Introduction: Prenatal hypoxia is a risk factor for the development of numerous neurological disorders. It is known that the maternal stress response to hypoxia determines the epigenetic impairment of the perinatal expression of glucocorticoid receptors (GR) in the hippocampus of the progeny, but so far no detailed study of how this affects the functional state of the glucocorticoid system during further ontogenesis has been performed.

Objective: The goal of the present study was to examine the long-term effects of the prenatal hypoxia on the functioning of the glucocorticoid system throughout life.

Methods: Prenatal severe hypobaric hypoxia (PSH) was induced in the critical period of embryonic hippocampal formation on days 14-16 of gestation in a hypobaric chamber (180 Torr, 5% oxygen, 3 h). The activity of central (hippocampus) and peripheral (liver) components of the glucocorticoid system was assessed in 1-day-old (newborn), 2-week-old (juvenile), 3-month-old (adult), and 18-month-old (aged) male rats.

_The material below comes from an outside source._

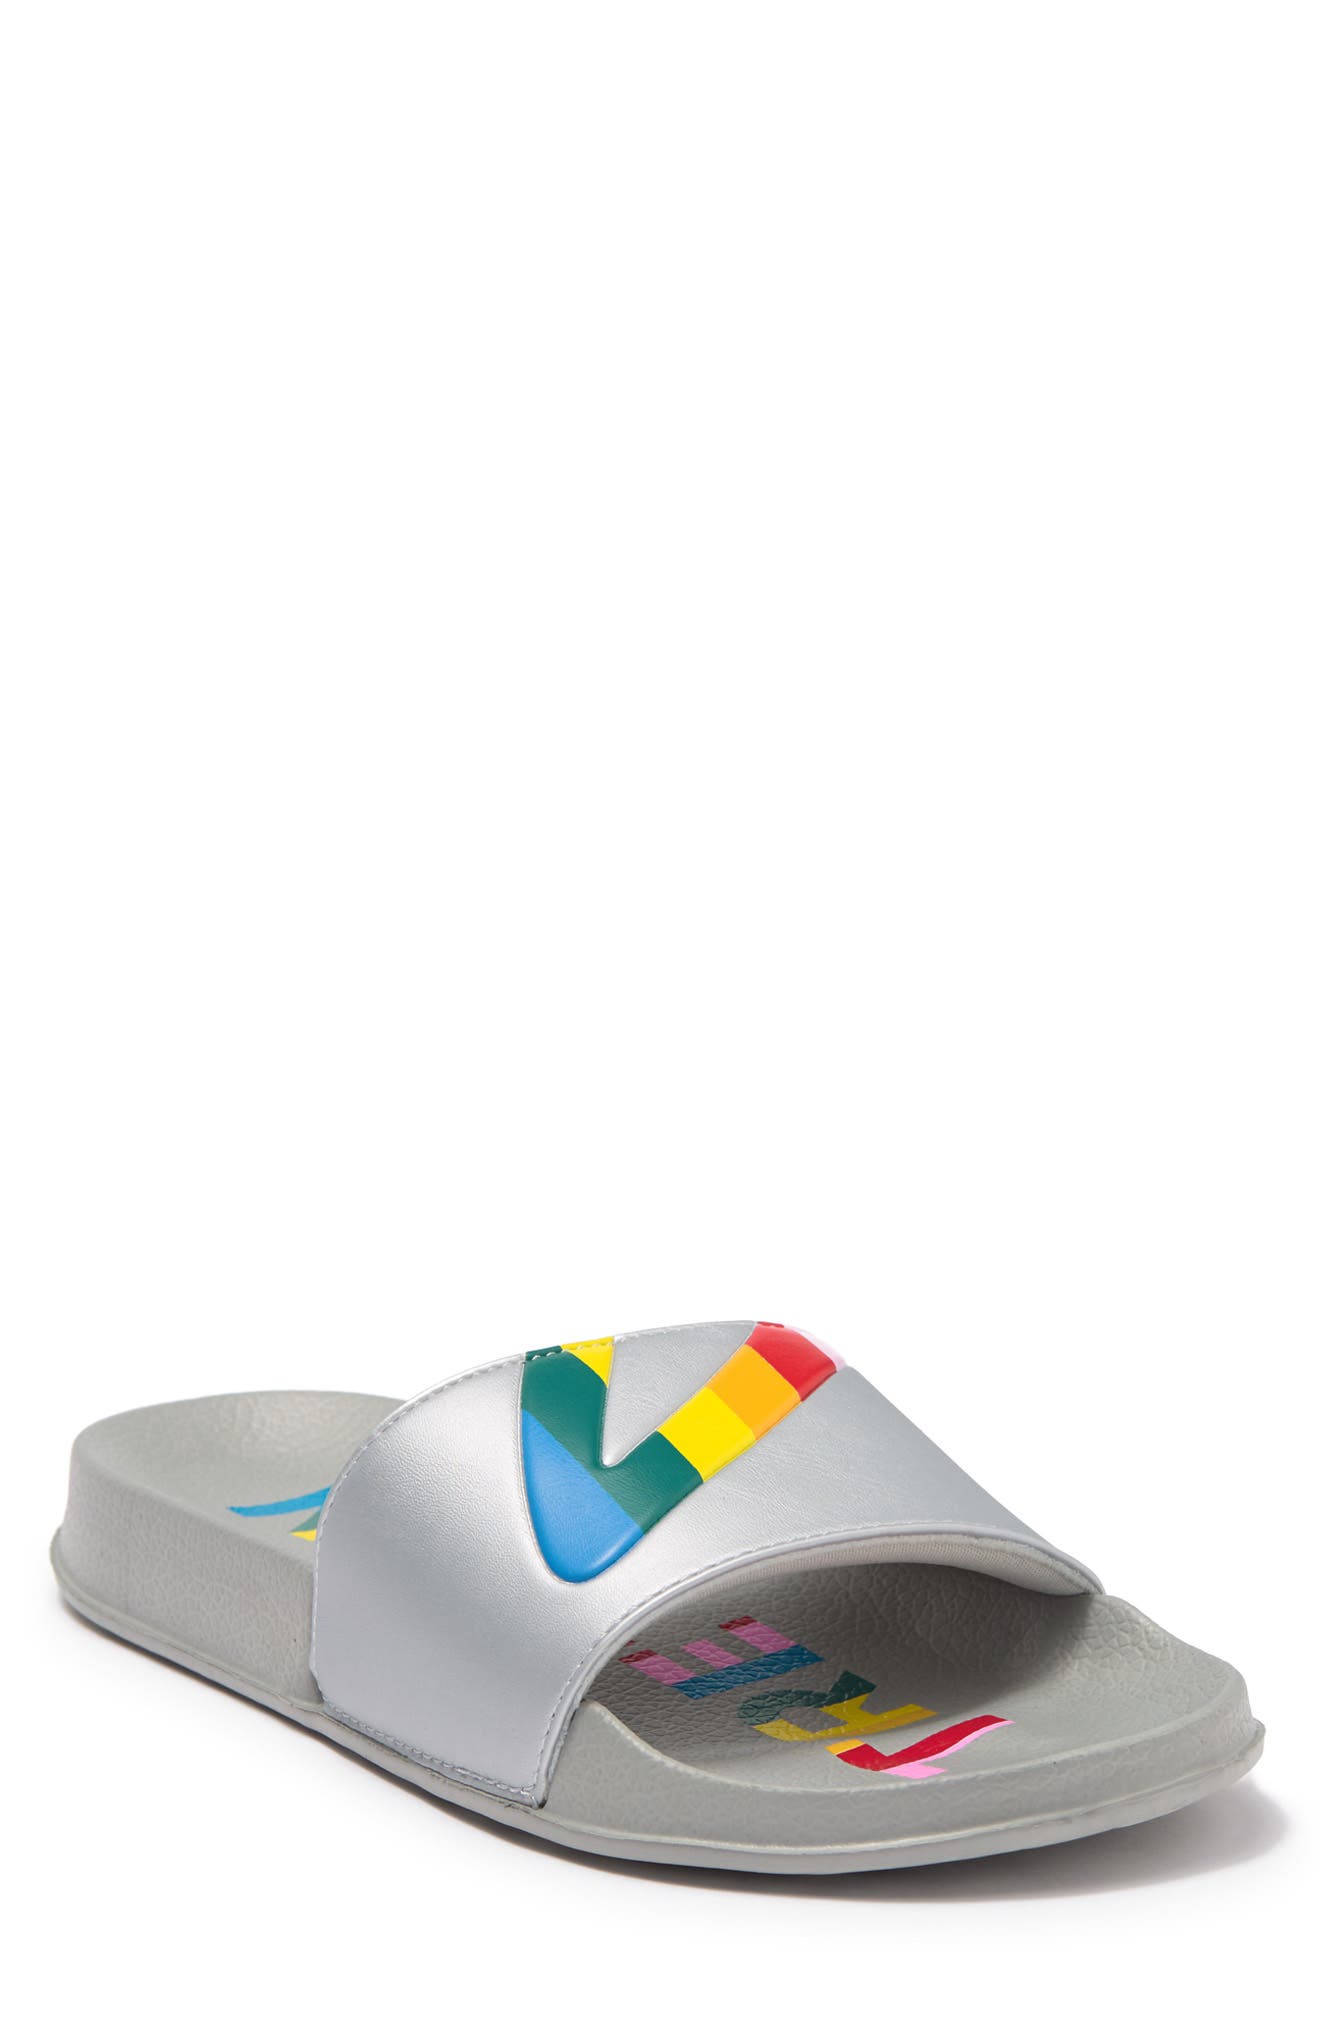 Tretorn Tragrant Slide Sandal In Silver/rainbow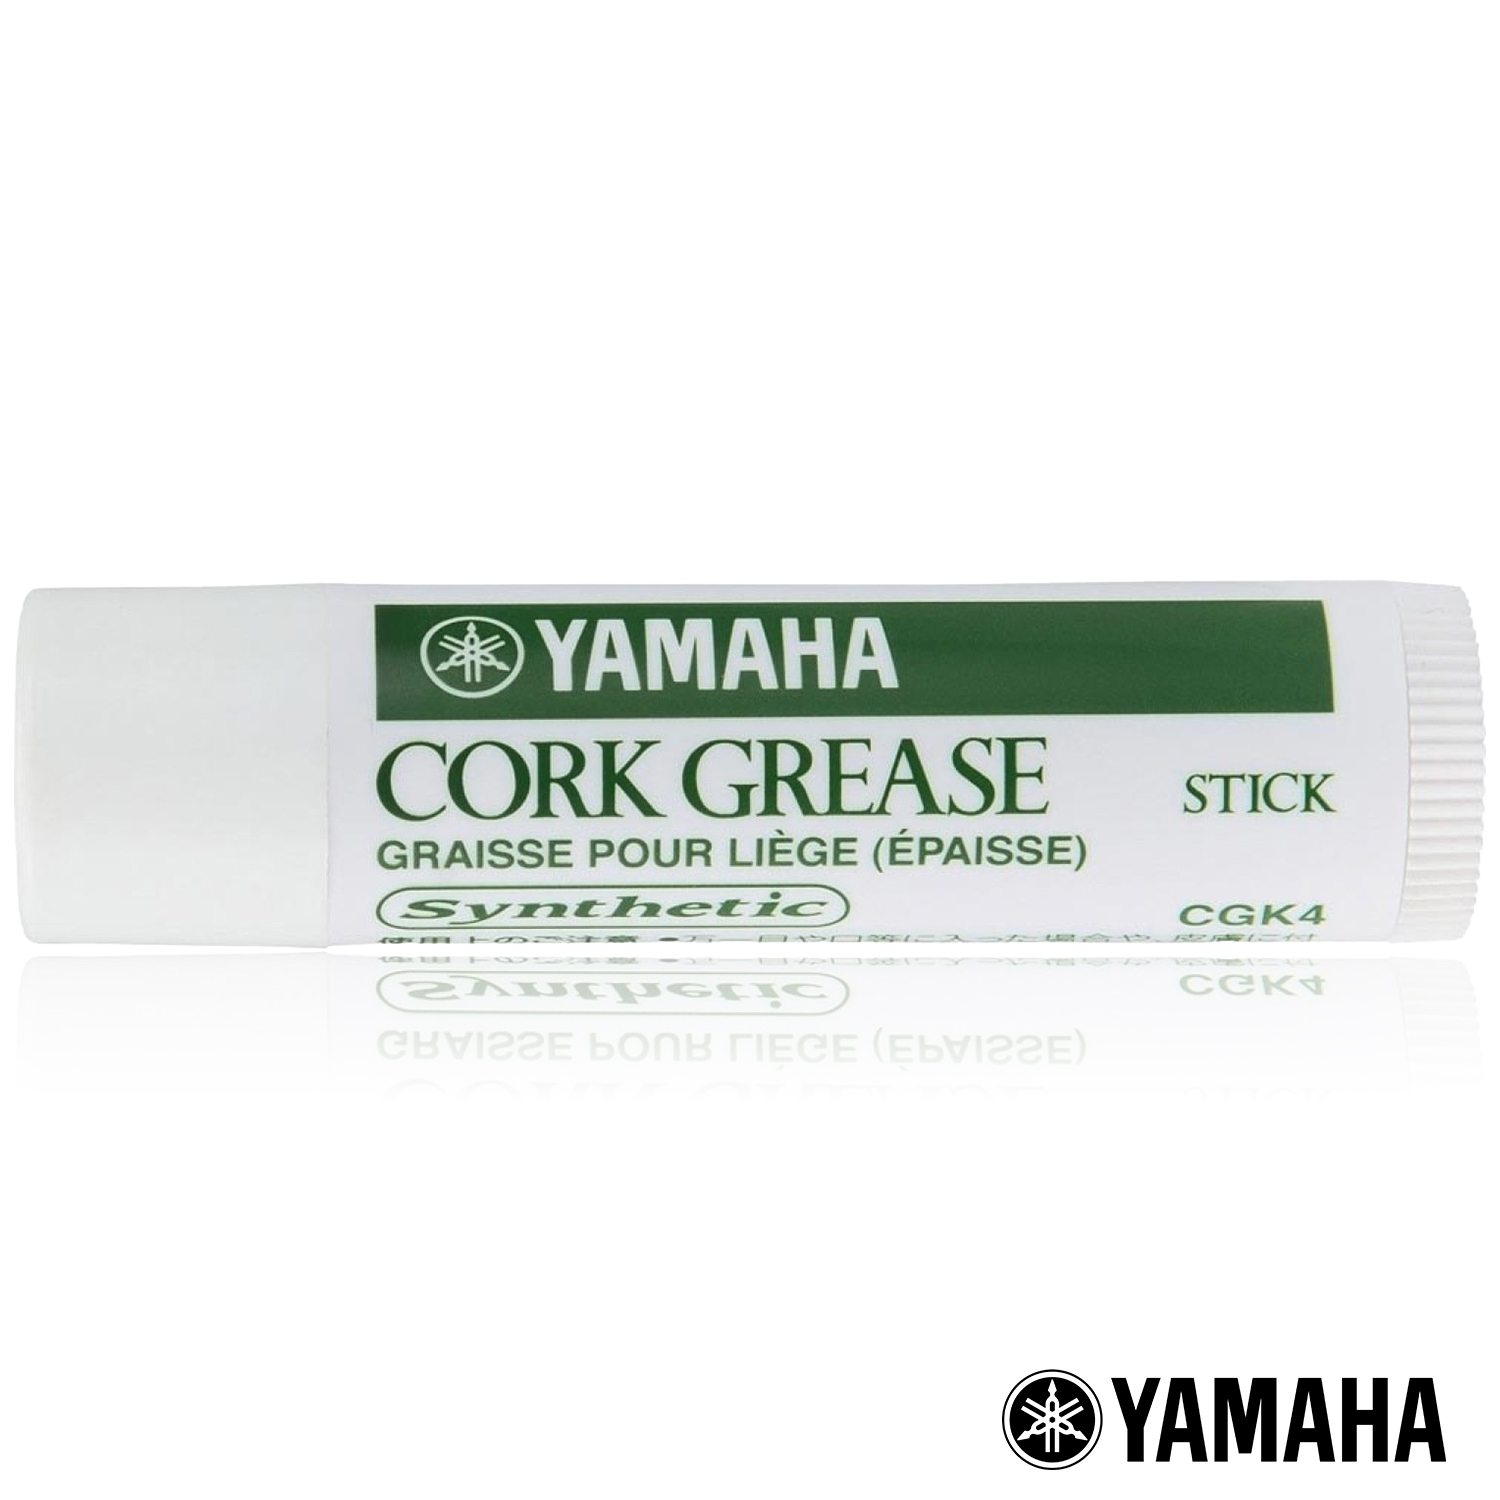 Yamaha Cork Grease 81990 ครีมทาก๊อก สำหรับเครื่องเป่า ครีมทาปากเป่าแซก ครีมทาปากเป่าคลาริเน็ต (Cork Grease)

Results: The PSH resulted in continuously elevated baseline corticosterone blood levels in the adult and aged rats. The chronic elevation of the corticosterone levels was accompanied by a progressive deficit of the GR expression in the liver, increased hepatic glycogen content, dysregulated glucose-6-phosphatase activity, and eventually hypoglycemia. Elevated corticosterone appears to result from the impairment of the mechanisms of glucocorticoid negative feedback since a substantial decrease in both the total number of GR and their nuclear localization was observed already in the hippocampus of newborn rat pups and persisted throughout life. Corresponding stable hippocampal downregulation of GR-dependent genes was observed as well. Suppression of the maternal glucocorticoid stress response to hypoxia by metyrapone injection to pregnant rats prior to each hypoxic challenge considerably reduced corticosterone over-response to hypoxia and prevented reduced hippocampal GR.

Conclusions: Our findings demonstrate that in progeny a deficit of hippocampal GR resulting from maternal glucocorticoid response to hypoxia remains stable throughout life and is accompanied by severe disturbances of baseline glucocorticoid levels and its peripheral reception. Negative consequences of PSH can be prevented by injection with an inhibitor of corticosterone synthesis (metyrapone) to pregnant females undergoing hypoxia.